* Your objective
Output each line of the data below exactly, omitting any image.
──────── Supplied information
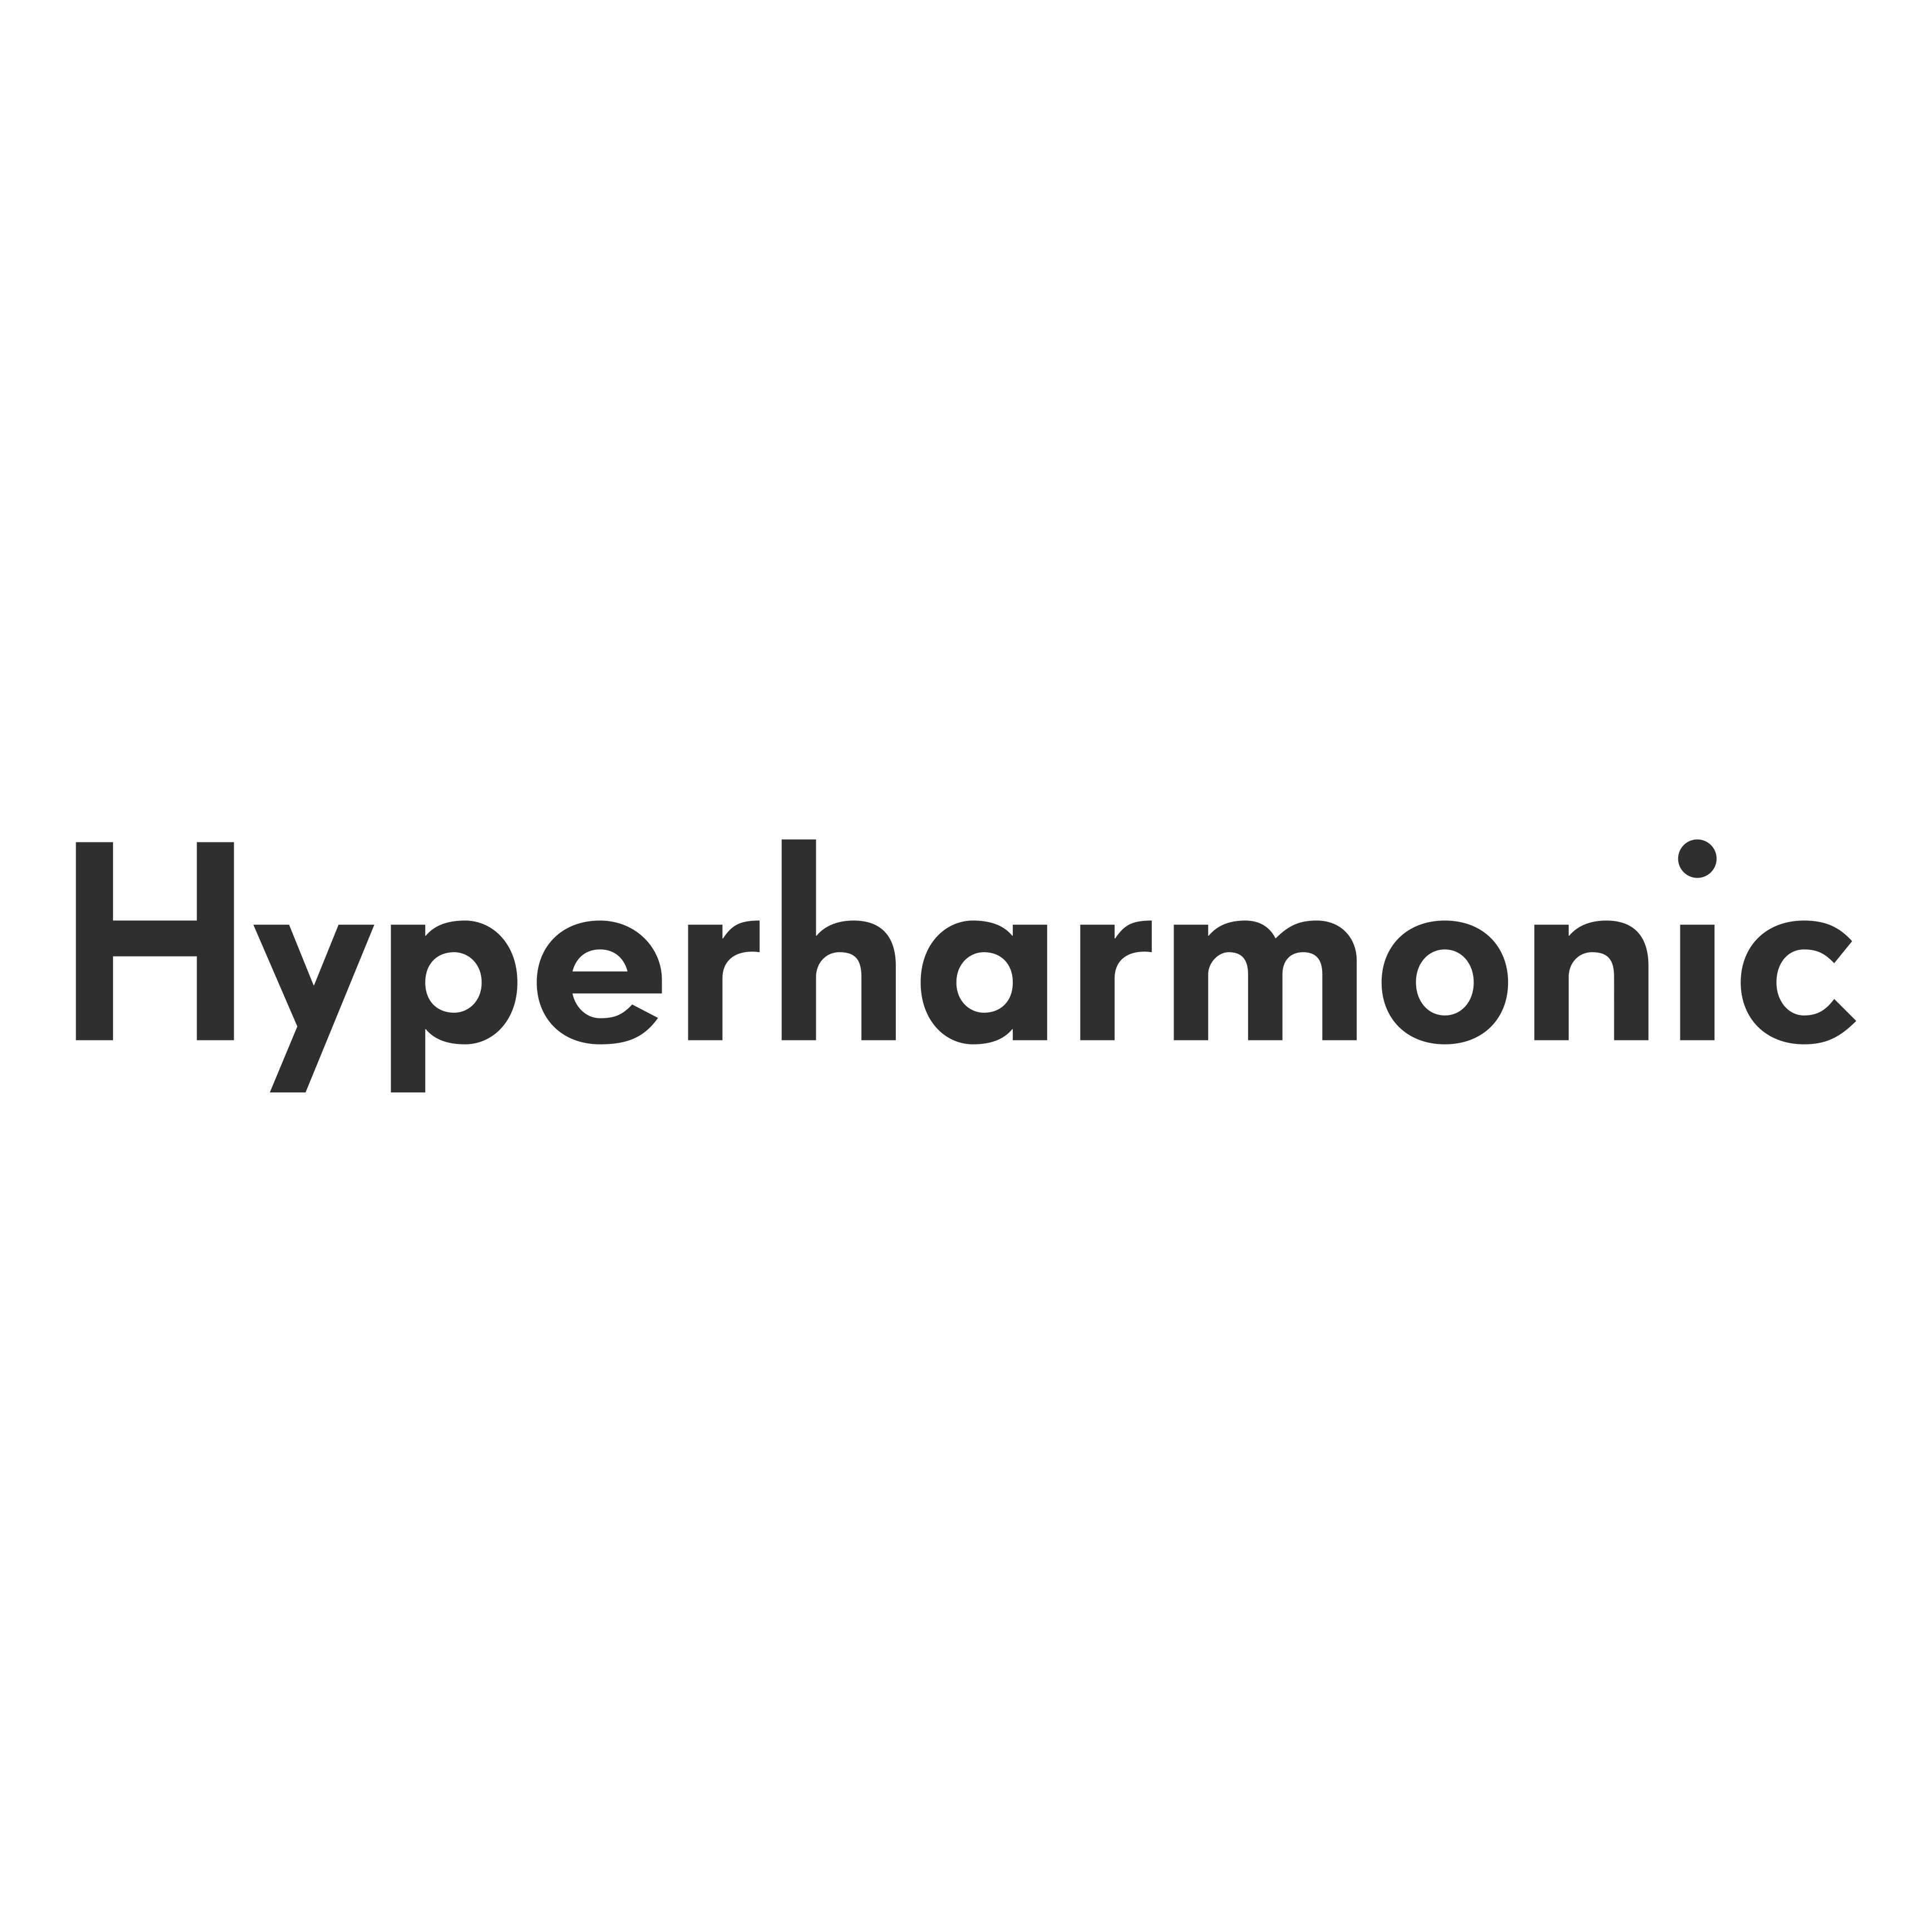 Hyperharmonic
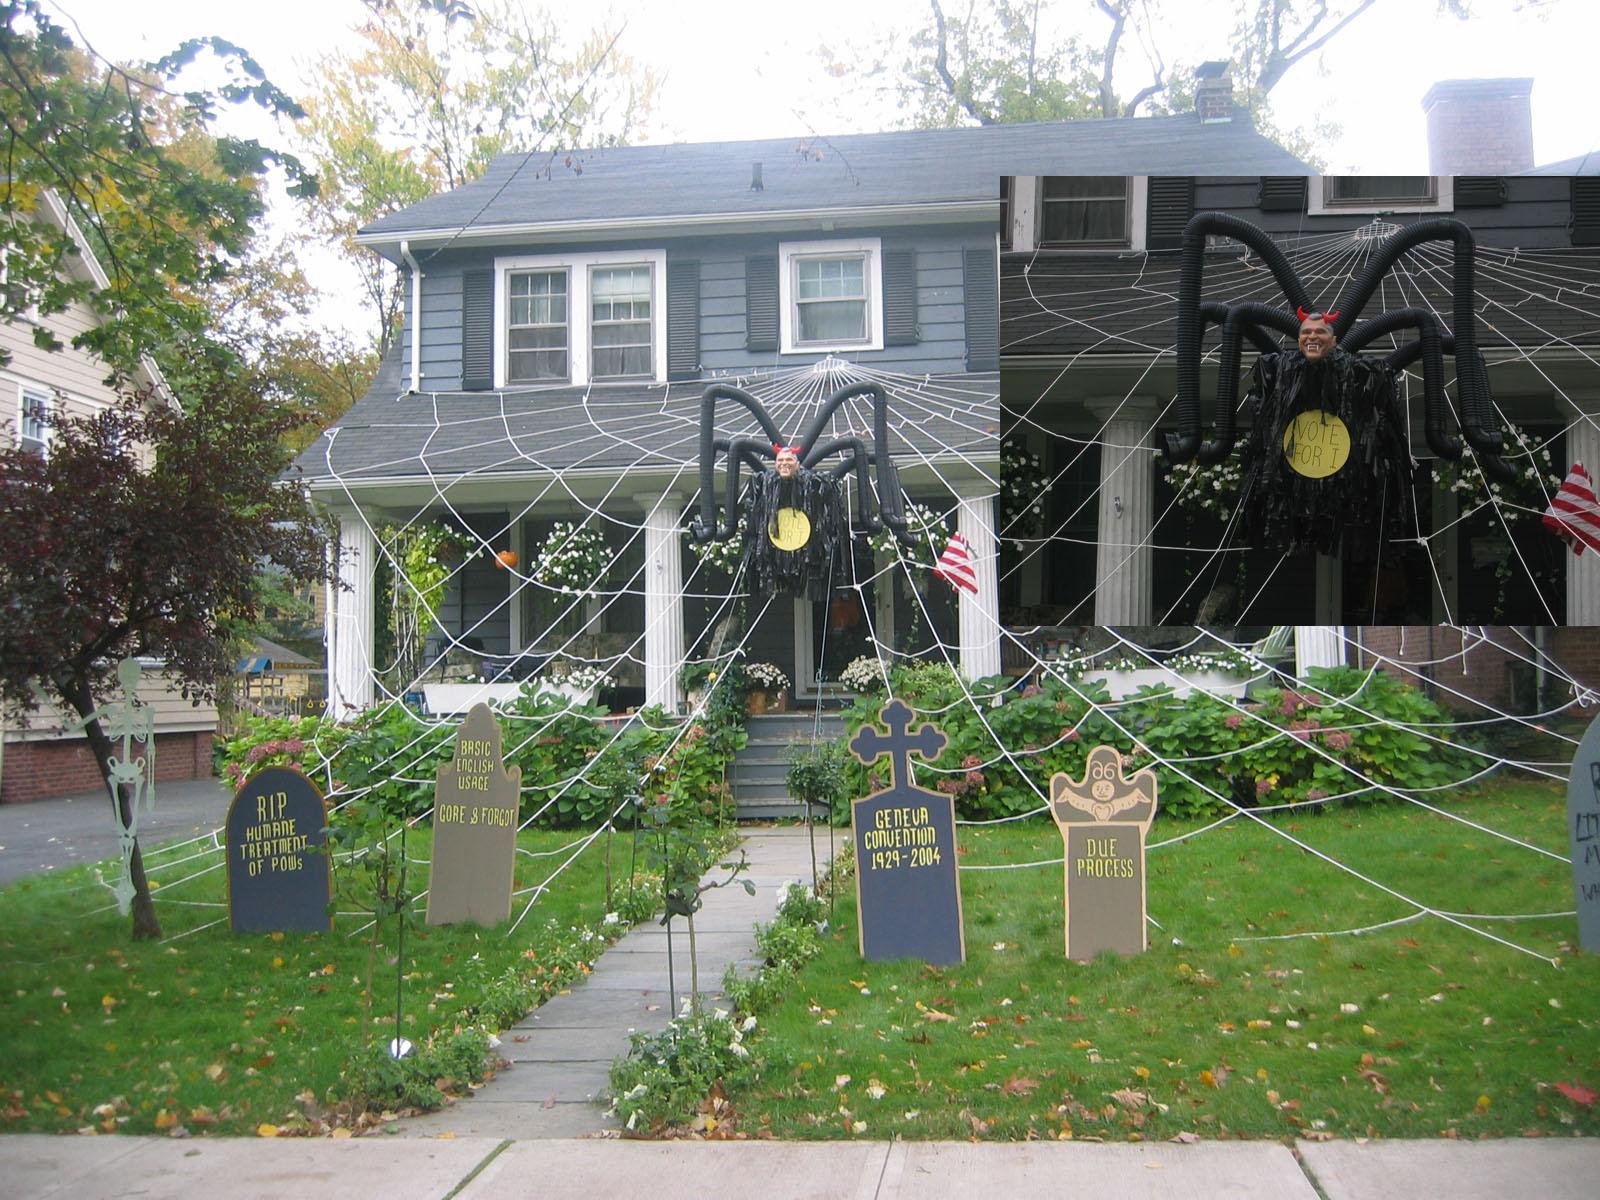 Casas decoradas para Halloween – Descargar imágenes gratis
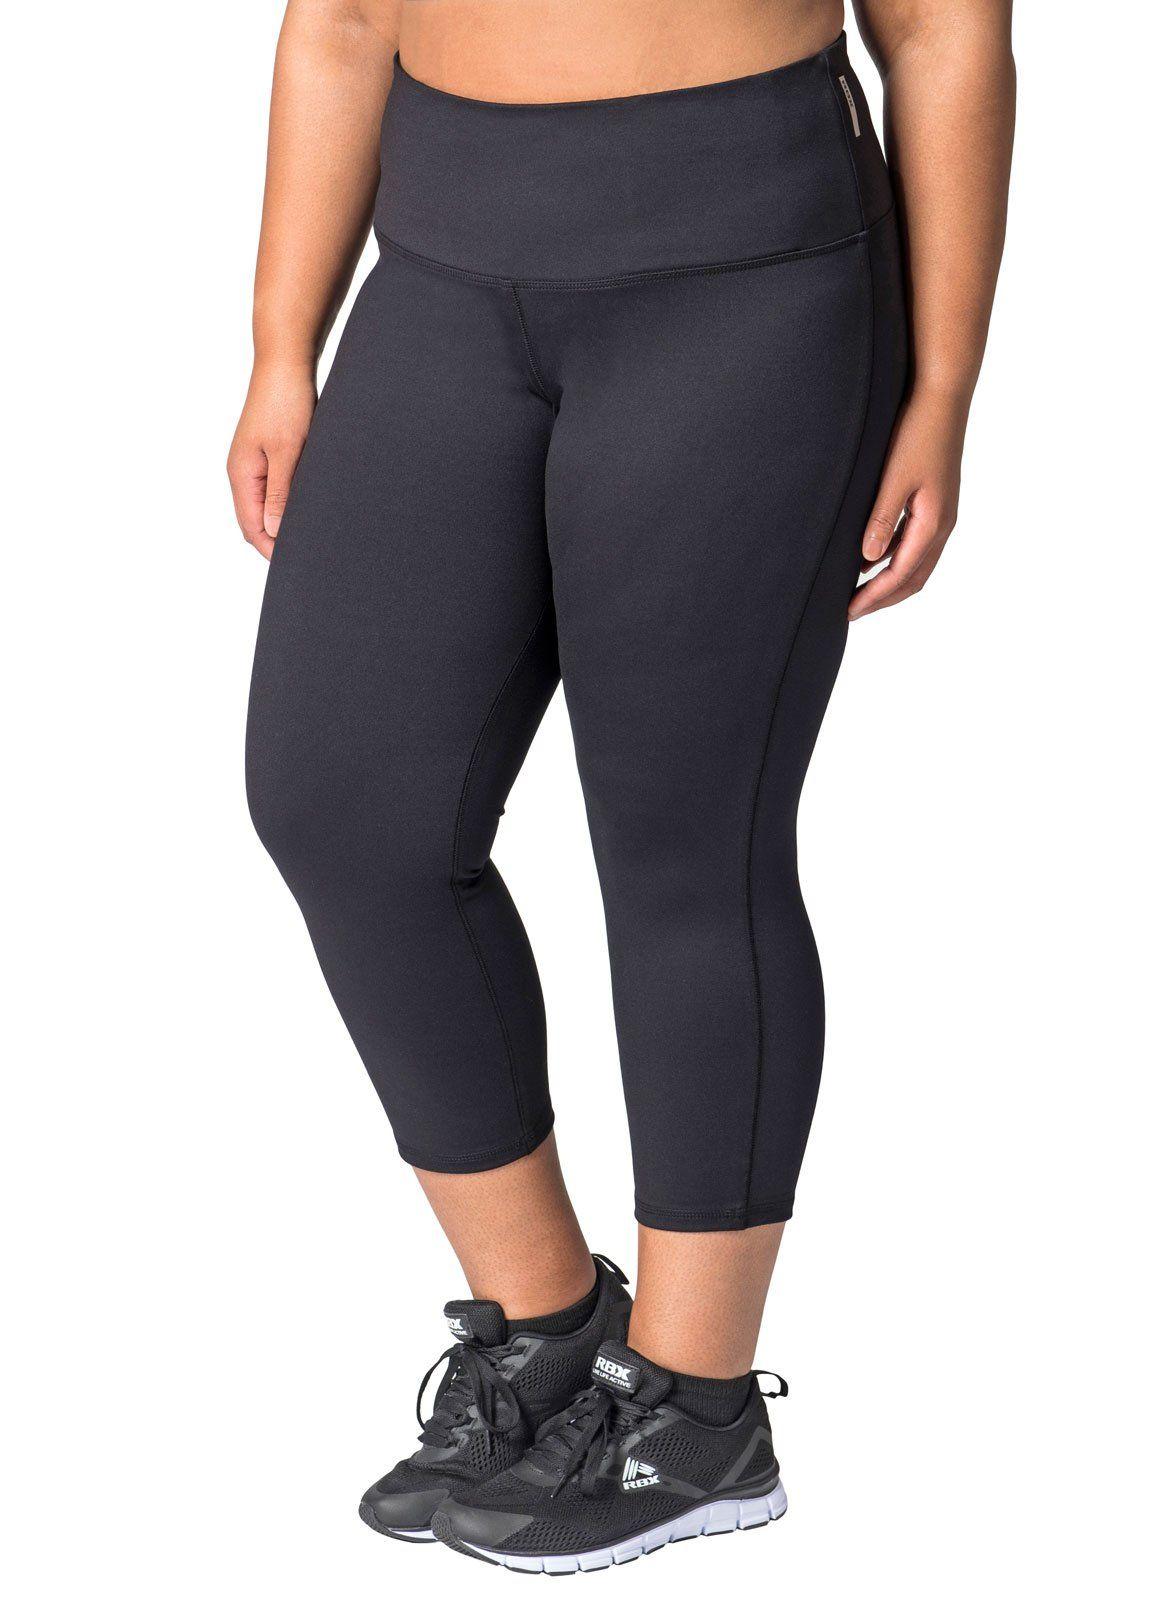 226b45e1dda RBX Active Women s Plus Size Workout Yoga Leggings Black 2X. X-Dri moisture  wicking
────────────────
* Result of this task
 Hyperharmonic
 Casas decoradas para Halloween – Descargar imágenes gratis
 226b45e1dda RBX Active Women s Plus Size Workout Yoga Leggings Black 2X. X-Dri moisture  wicking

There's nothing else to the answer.